As discussed in private conversation, we want to strip out all of the renaming support here, because we have decided that renaming is tricky to get right. So this should hopefully end up being a pretty simple PR.
The following is a summary of the work done so far on multiple-inheritance. While a @rename macro solution was proposed to close out the branch, I'm requesting help getting the using-as feature of multiple-inheritance over the finish line.
In March, @olynch and I discussed stripping out the renaming in favor of a @rename macro. That is implemented
@rename ThMod0 begin using ThModule: M as Form0 end
but after a ~three-month break, I once again took another stab at using default renaming with some success in defining ThModule through using statements. After some tweaking from catching the repo up with main, the following is a working theory in GATlab and has examples in src/stdlib/models/twosorted.jl
:
@theory ThModule begin
using ThAb: default as M, ⋅ as ⊕
using ThRing: default as Scalar, one as unit
(r ⋅ a) :: M ⊣ [r::Scalar, a::M] # R-actions
(r ⋅ (a ⊕ b)) == ((r ⋅ a) ⊕ (r ⋅ b)) ⊣ [r::Scalar, a::M, b::M] # R-action left-distributes
((r + s) ⋅ a) == ((r ⋅ a) ⊕ (s ⋅ a)) ⊣ [r::Scalar, s::Scalar, a::M] # addition of R-actions
(r * s) ⋅ a == r ⋅ (s ⋅ a) ⊣ [r::Scalar, s::Scalar, a::M] # composition of R-action
unit ⋅ a == a ⊣ [unit::Scalar, a::M] # unit
(a ⋅ r) :: M ⊣ [r::Scalar, a::M] # R-actions
((a ⊕ b) ⋅ r) == ((a ⋅ r) ⊕ (b ⋅ r)) ⊣ [r::Scalar, a::M, b::M] # R-action right-distributes
(a ⋅ (r + s)) == ((a ⋅ r) ⊕ (a ⋅ s)) ⊣ [r::Scalar, s::Scalar, a::M] # addition of R-actions
a ⋅ (r * s) == (a ⋅ r) ⋅ s ⊣ [r::Scalar, s::Scalar, a::M] # composition of R-action
a ⋅ unit == a ⊣ [unit::Scalar, a::M] # unit
end
I'm happy with the progress made to implement multiple-inheritance, but naturally over the course of learning the GATlab architecture, I likely made several suboptimal kludgey design choices, whereas I'd be more satisfied with an elegant solution. However because I'm somewhat invested in the design, and have been working rather too close to it, I want to take this opportunity to step back and allow others to comment on it. Here, I'll explain the procedure for implementing using-as
statements in theories here.
1) Rather than using parse_gat_line!
to handle using
statements, I chose defining several functions used by theory_impl
which intercept using statements in the theory body in order to expand their theories, and if applicable, collect renamings.
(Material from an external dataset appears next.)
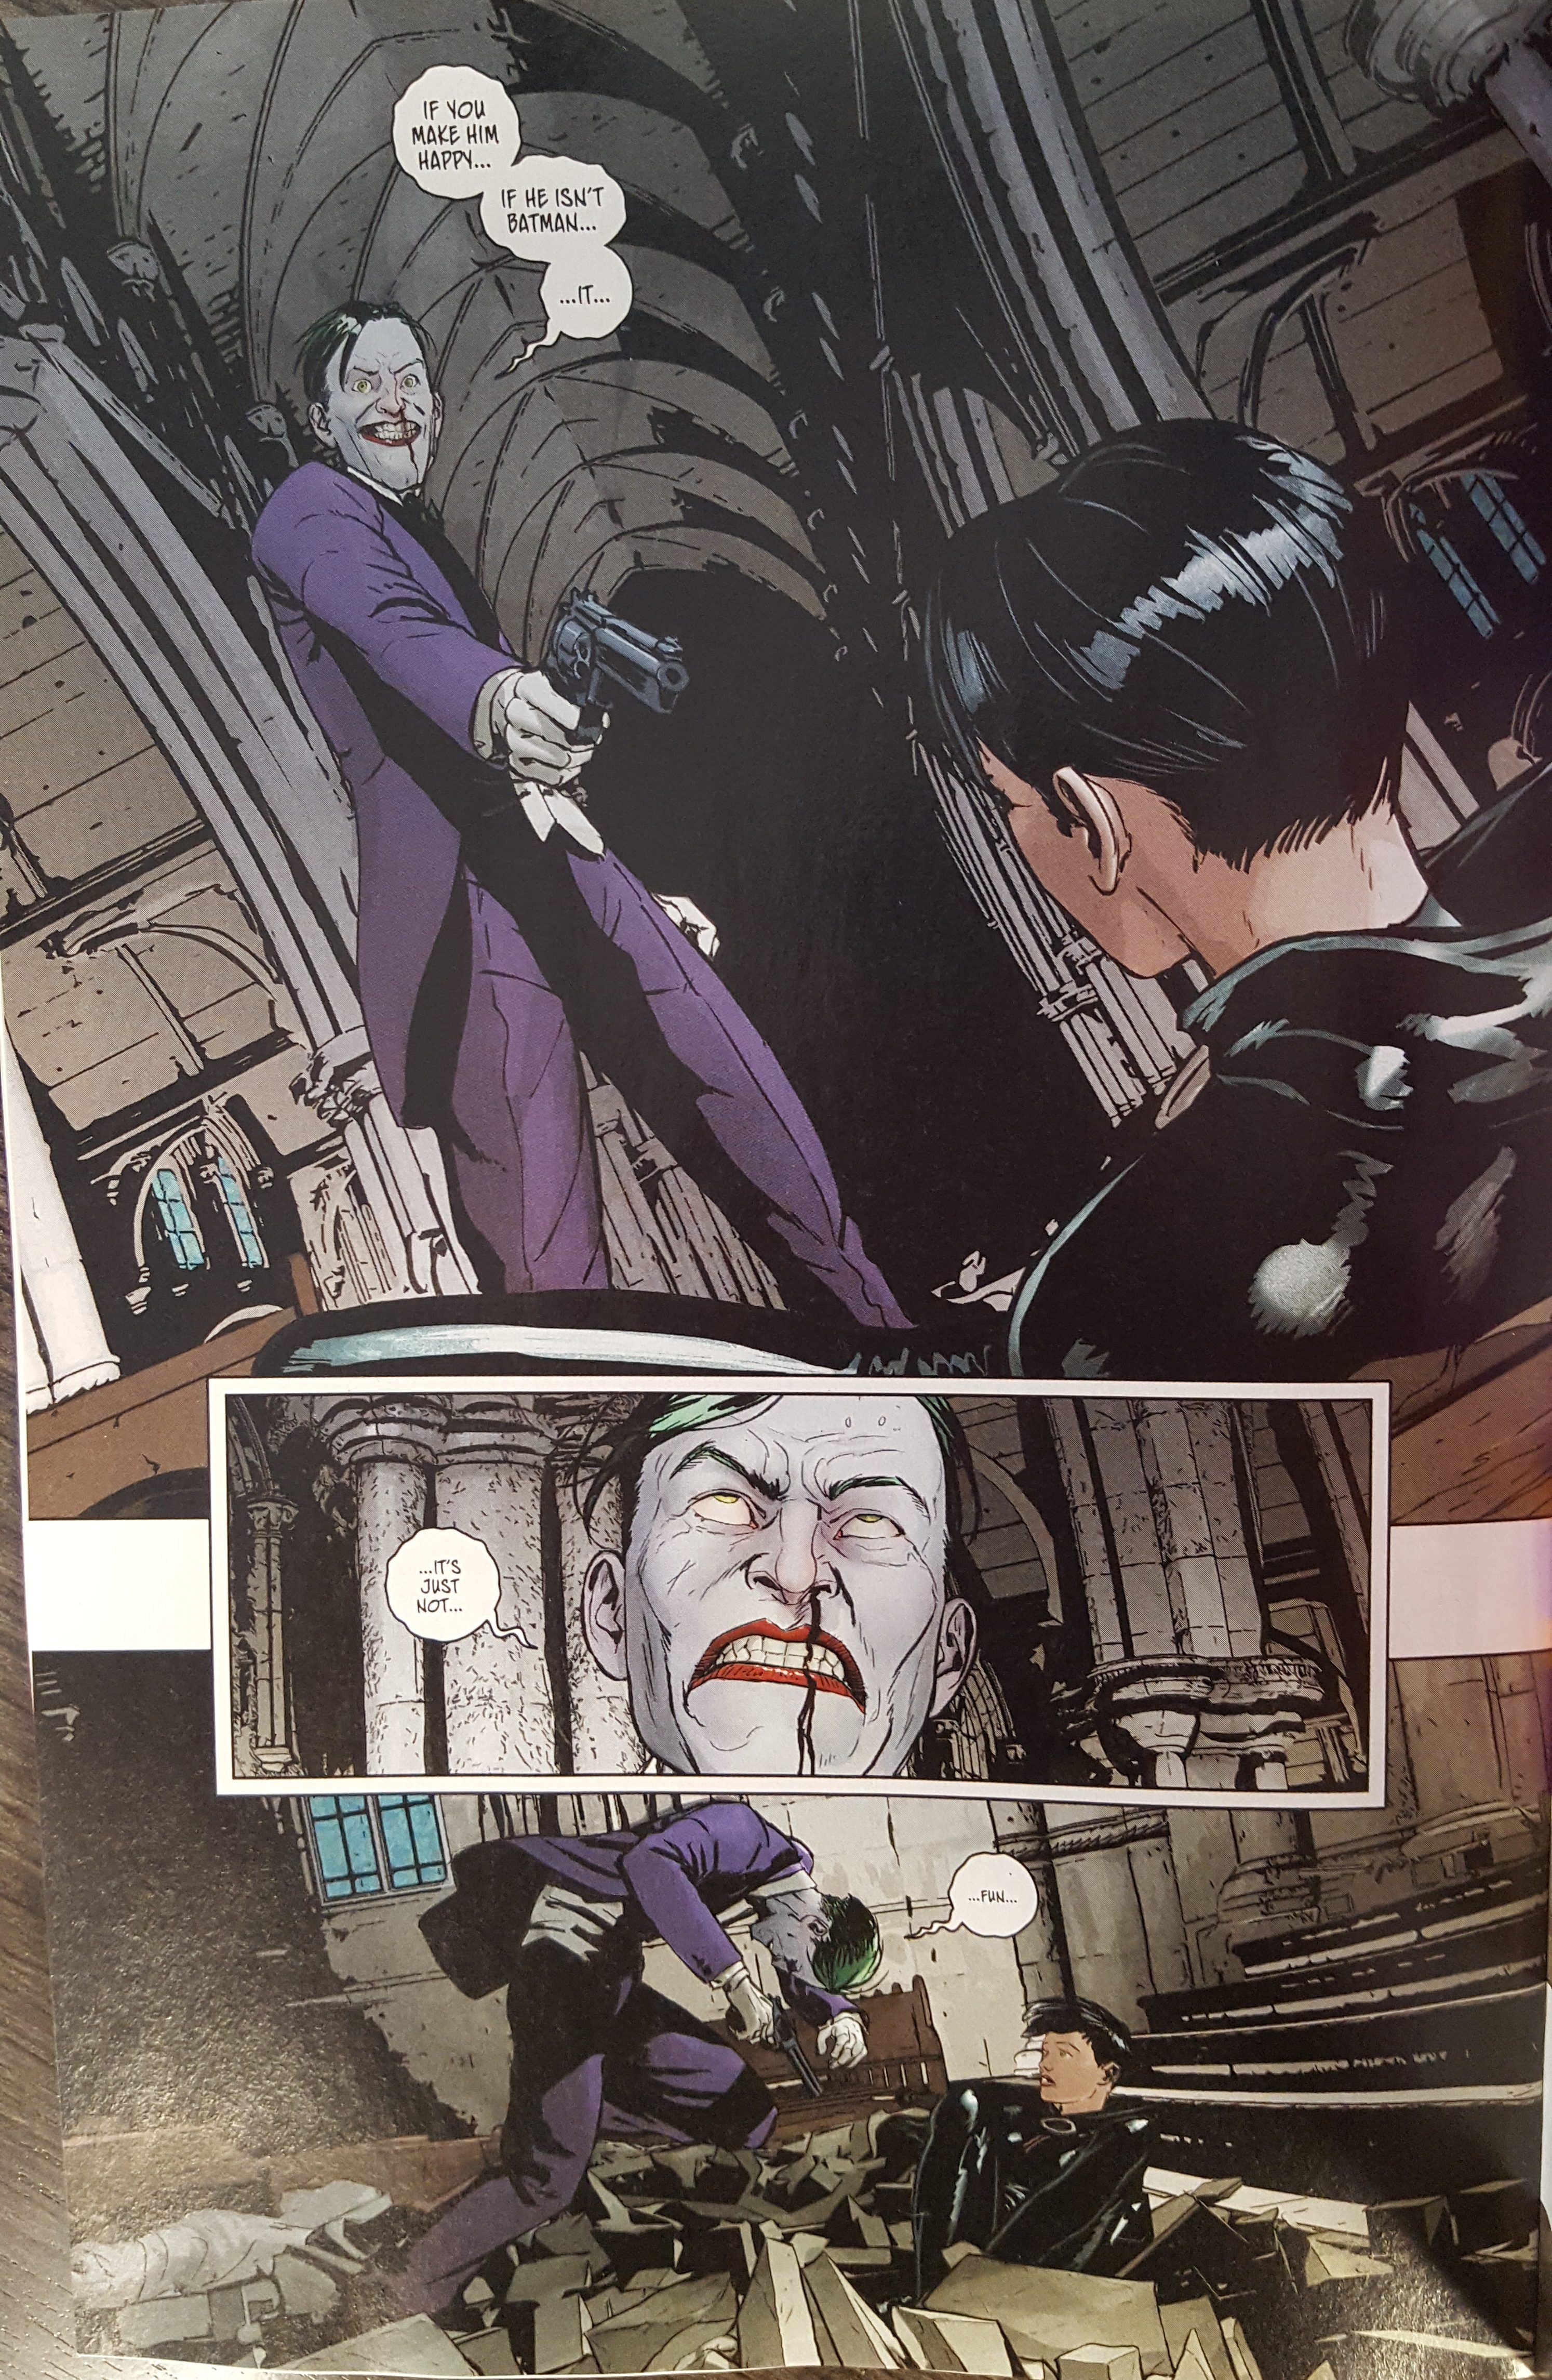 Batman #49

This works in the following order:
1.1) theory_impl
calls expand_theory
on the body.
1.2) expand_theory
loops through the body matching using statements (vanilla or using-as, a.k.a renaming). For every match, the using-theory is expanding and passed to usetheory!
1.3) usetheory!
accepts a "host" theory (the parent), a "guest" theory (the new one), and an optional dictionary of renames.
1.3.1) If there is a rename dictionary, we generate a new dictionary of instructions for the reident
function through makeidentdict
. There are two parts to this function:
1.3.1.1) Reident gives the "host" and "guest" theories a "nametag," a dictionary associating their names with their tags. As the dead code in nametag
suggests, I previously used namelookup and taglookup, but these don't update until later in theory_impl
, so the second using-as statement would still recognize the host as "EMPTY", as it would not yet have a namelookup.
(PROBLEM: I was unsure how to populate the LID, and used a placeholder LID(1)
).
1.3.1.2) A new dictionary is created associating each old ident to a new one.
1.3.2) the reident
uses the result of the makeidentdict
on the guest so it does not introduce conflicting idents.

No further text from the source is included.